Intermittent connectivity for VMs or vSphere services
search cancel

Intermittent connectivity for VMs or vSphere services

book

Article ID: 417584

calendar_today

Updated On:

Products

VMware vCenter Server

Issue/Introduction

VMs may seem to periodically disconnect, including after a vMotion or power-on operation.

Some vSphere services, such as the Native Key Provider (NKP), may intermittently disconnect or flap between active and inactive states:

Environment

vSphere (all versions)

Cause

This issue can occur when at least one NIC in a teaming policy is unable to communicate on the network, but at least one NIC can. Therefore when a VM or host service is leveraging the "bad" NIC connectivity issues are seen but only until another NIC is used.

The frequency at which the issue is seen is very environment-specific, and it can depend on how many NICs can communicate versus those that can't, if there is a port-channel or LAG, etc. In other words, the issue will be seen more frequently in environments where the NICs that can't communicate are expected to be leveraged more frequently.

You can determine what NIC is in-use by a given VM or vmkernel adapter in real-time by using esxtop command in CLI to determine if the behavior only follows certain NICs:

  1. Open an SSH session to the host in question
  2. type "esxtop" then press the enter key
  3. Press the "n" key to open the networking page
  4. Note the NIC (e.g. vmnic2) in-use by an item by reviewing the TEAM-PNIC column 
  5. Press "q" to exit the screen

NOTE: If the TEAM-PNIC column notes "all", the VM/vmkernel adapter is in a portgroup using the load balancing policy of Route based on IP hash, which typically indicates a port channel is in-use.
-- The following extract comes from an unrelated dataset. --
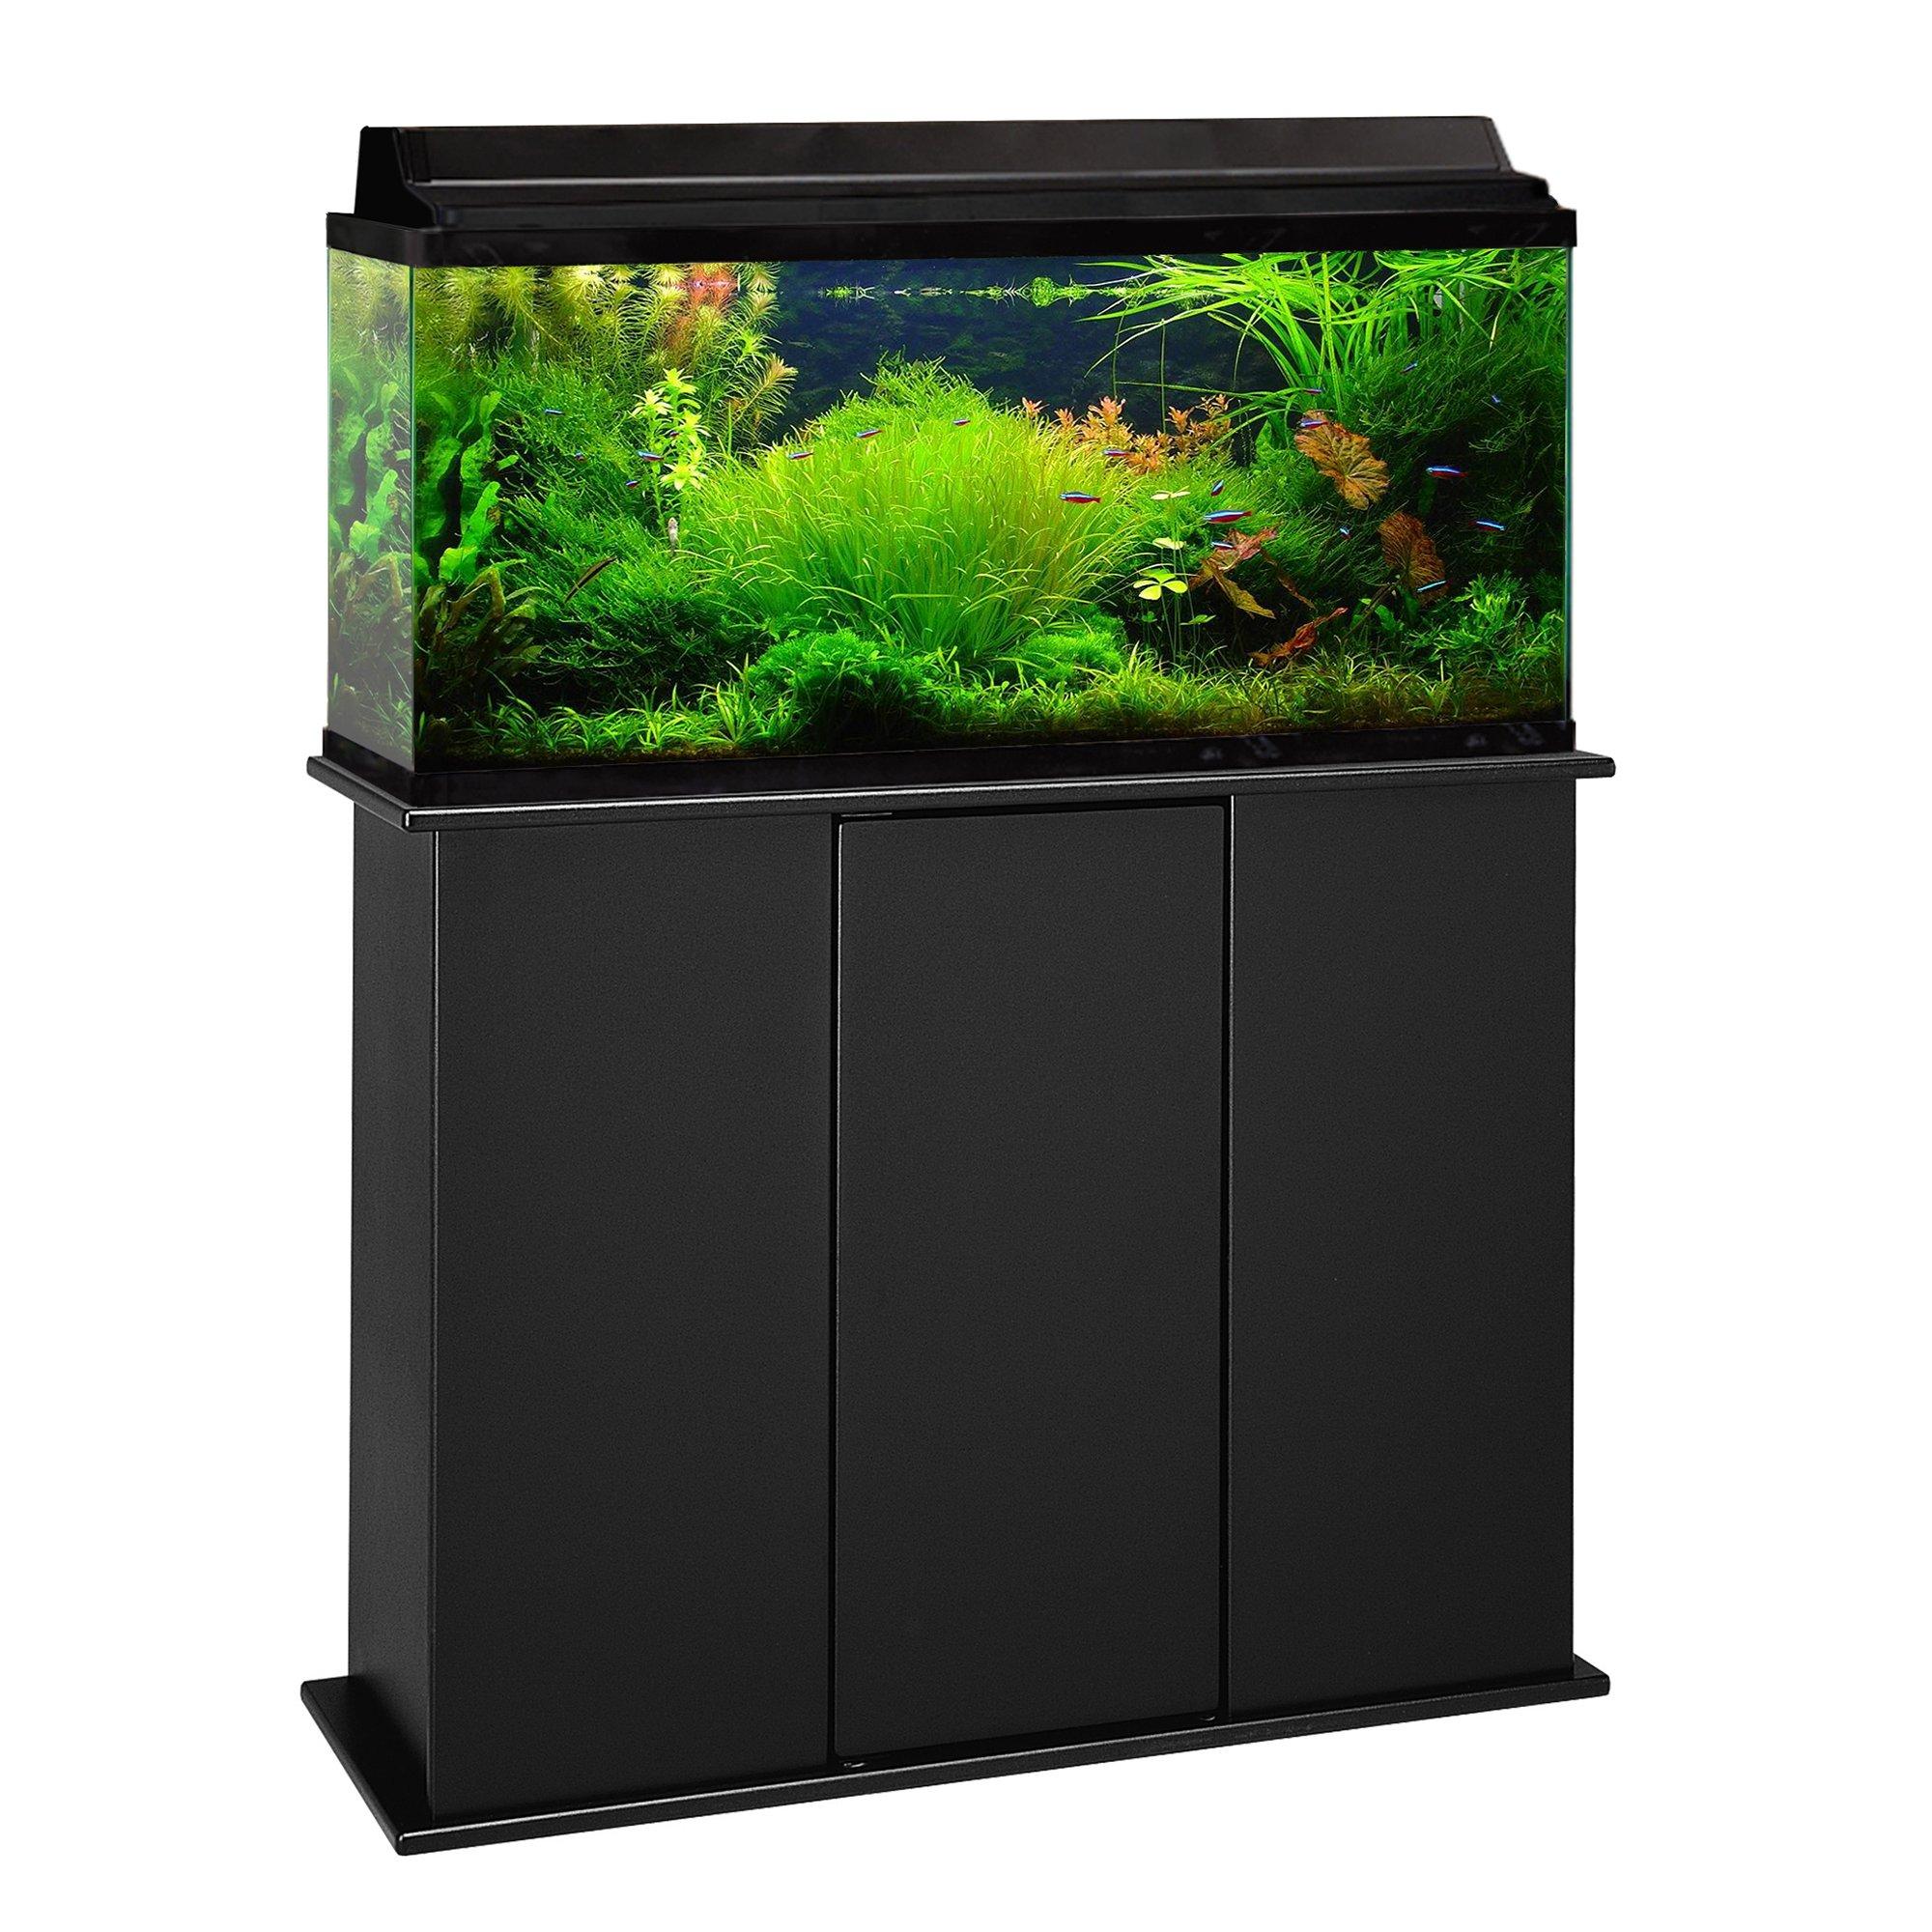 Aquatic fundamentals 30 38 45 gallon upright aquarium for Fish tank and stand
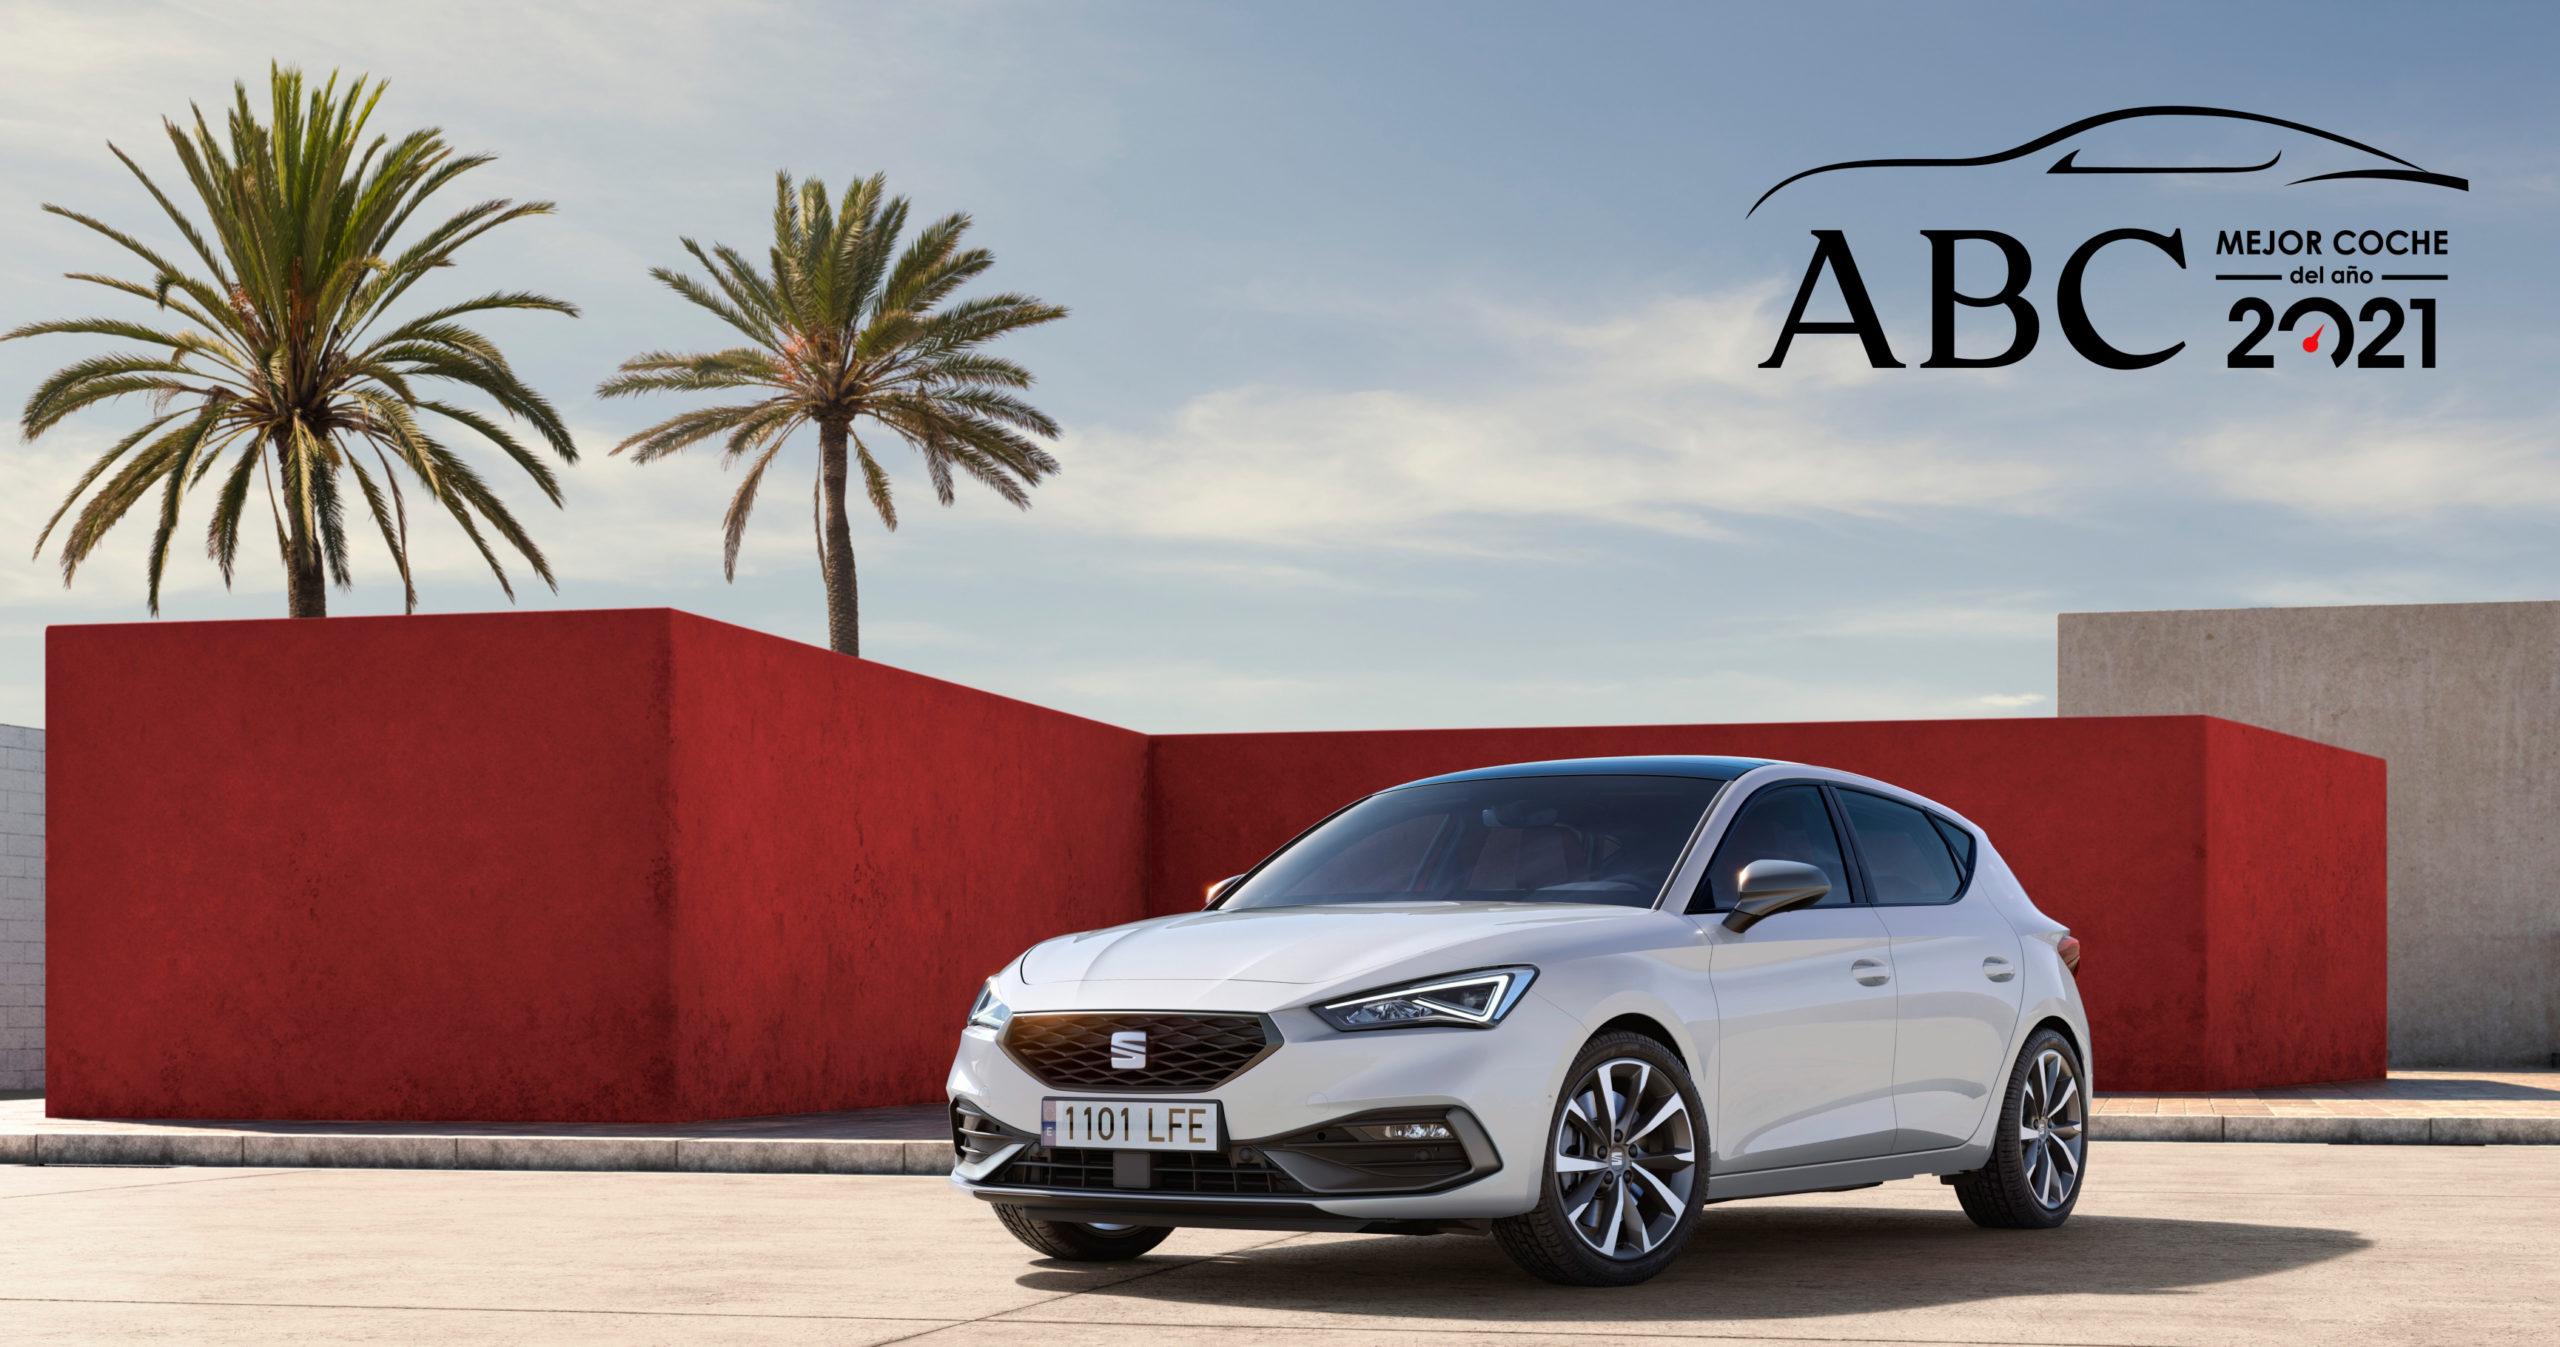 SEAT León, ABC Mejor Coche del Año 2021

See Configure Virtual Switch with an EtherChannel (or port channel) for more info. Similarly, if the column reports the name of a LAG created on the distributed switch, for example "lag1", the VM/vmkernel adapter is leveraging an LACP connection. See Introduction to LACP in VMware by Broadcom for more information about this configuration.

Resolution

Investigate the underlying reason why the impacted NICs can't communicate with your networking team.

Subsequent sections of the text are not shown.